• PROVIDED MATERIAL:
----------------

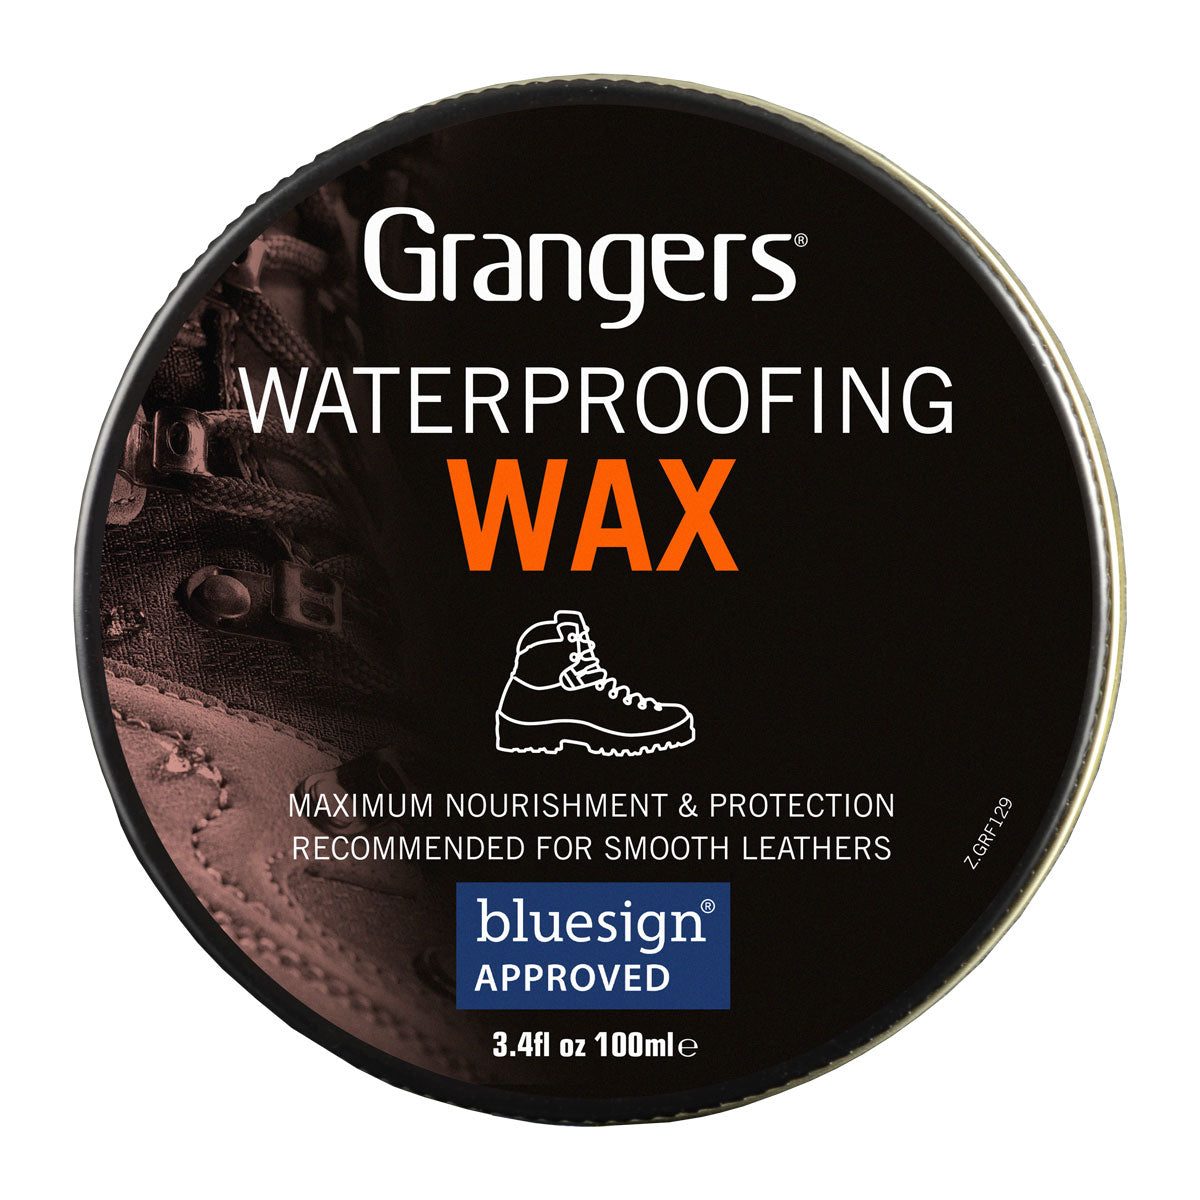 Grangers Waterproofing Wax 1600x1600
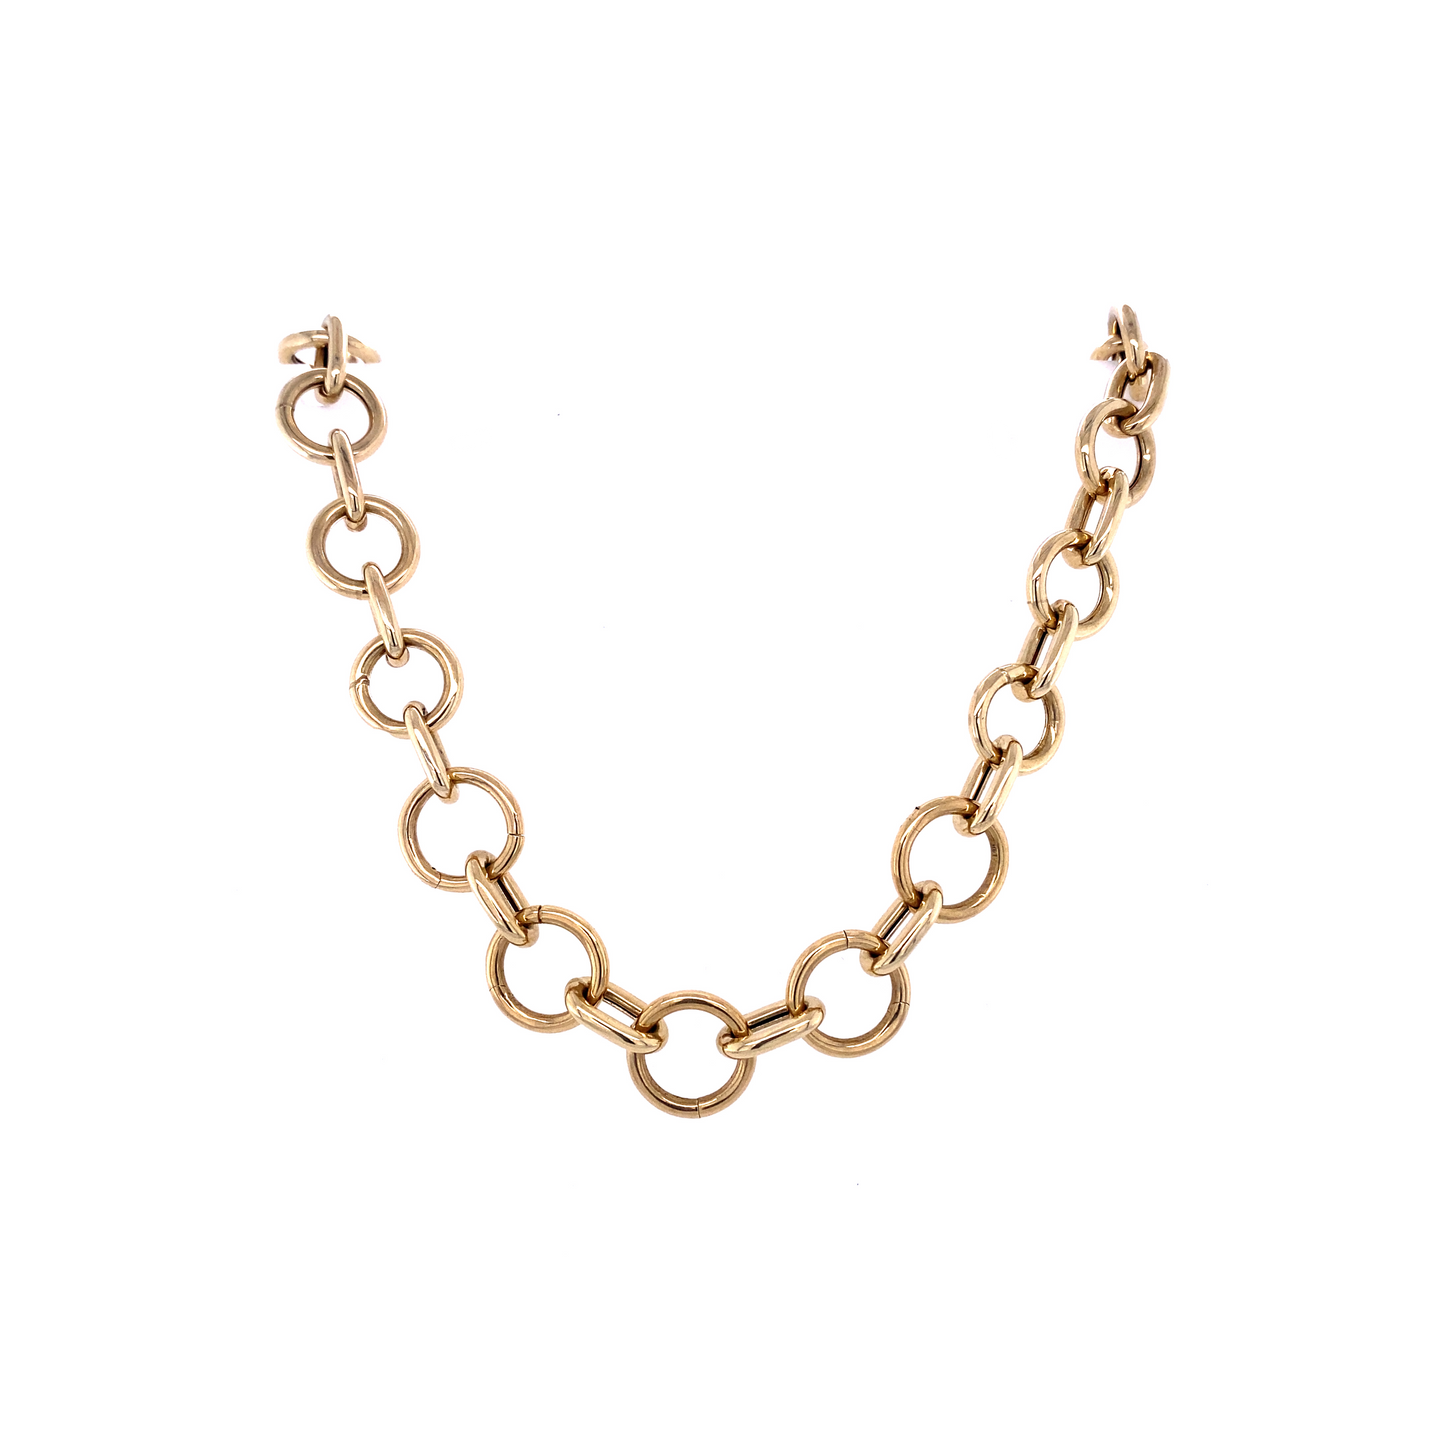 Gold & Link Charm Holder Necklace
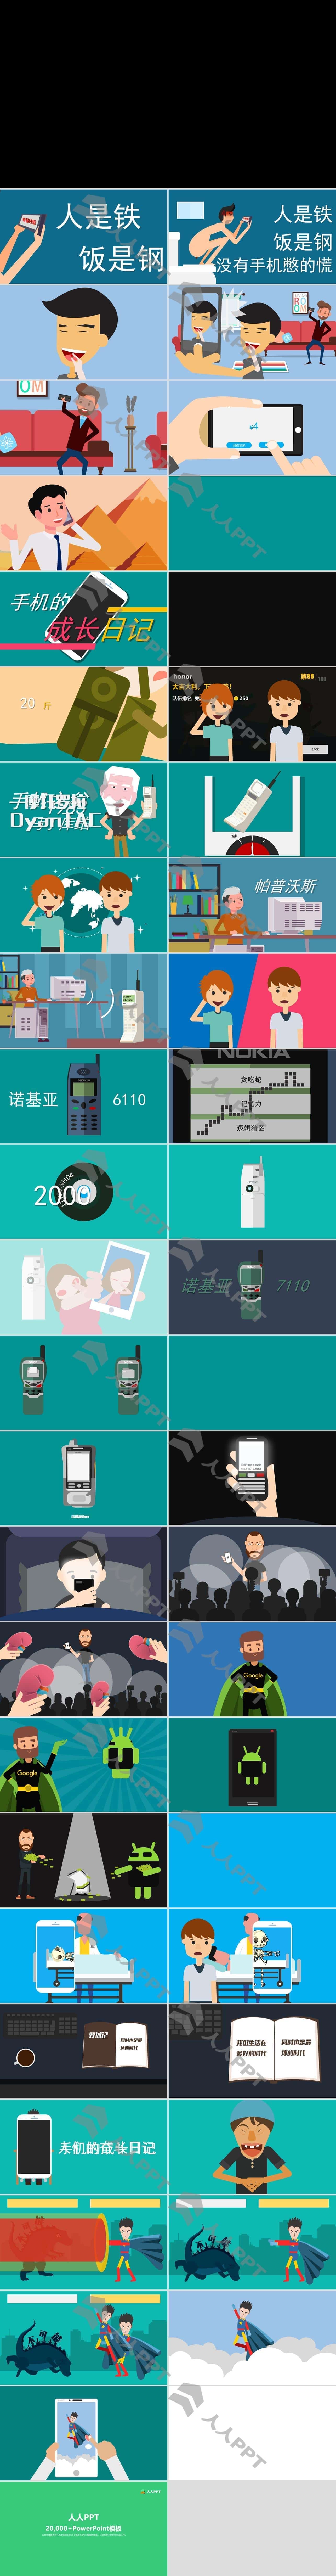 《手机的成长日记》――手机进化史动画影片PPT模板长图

----------------

• WORK TO COMPLETE: Only the lines from the one containing "Gold & Link Charm Holder Necklace" through the last line of the data above, both included, belong in the reply, each restated exactly and without pictures.

• RESPONSE TO THIS TASK:
 Gold & Link Charm Holder Necklace
 《手机的成长日记》――手机进化史动画影片PPT模板长图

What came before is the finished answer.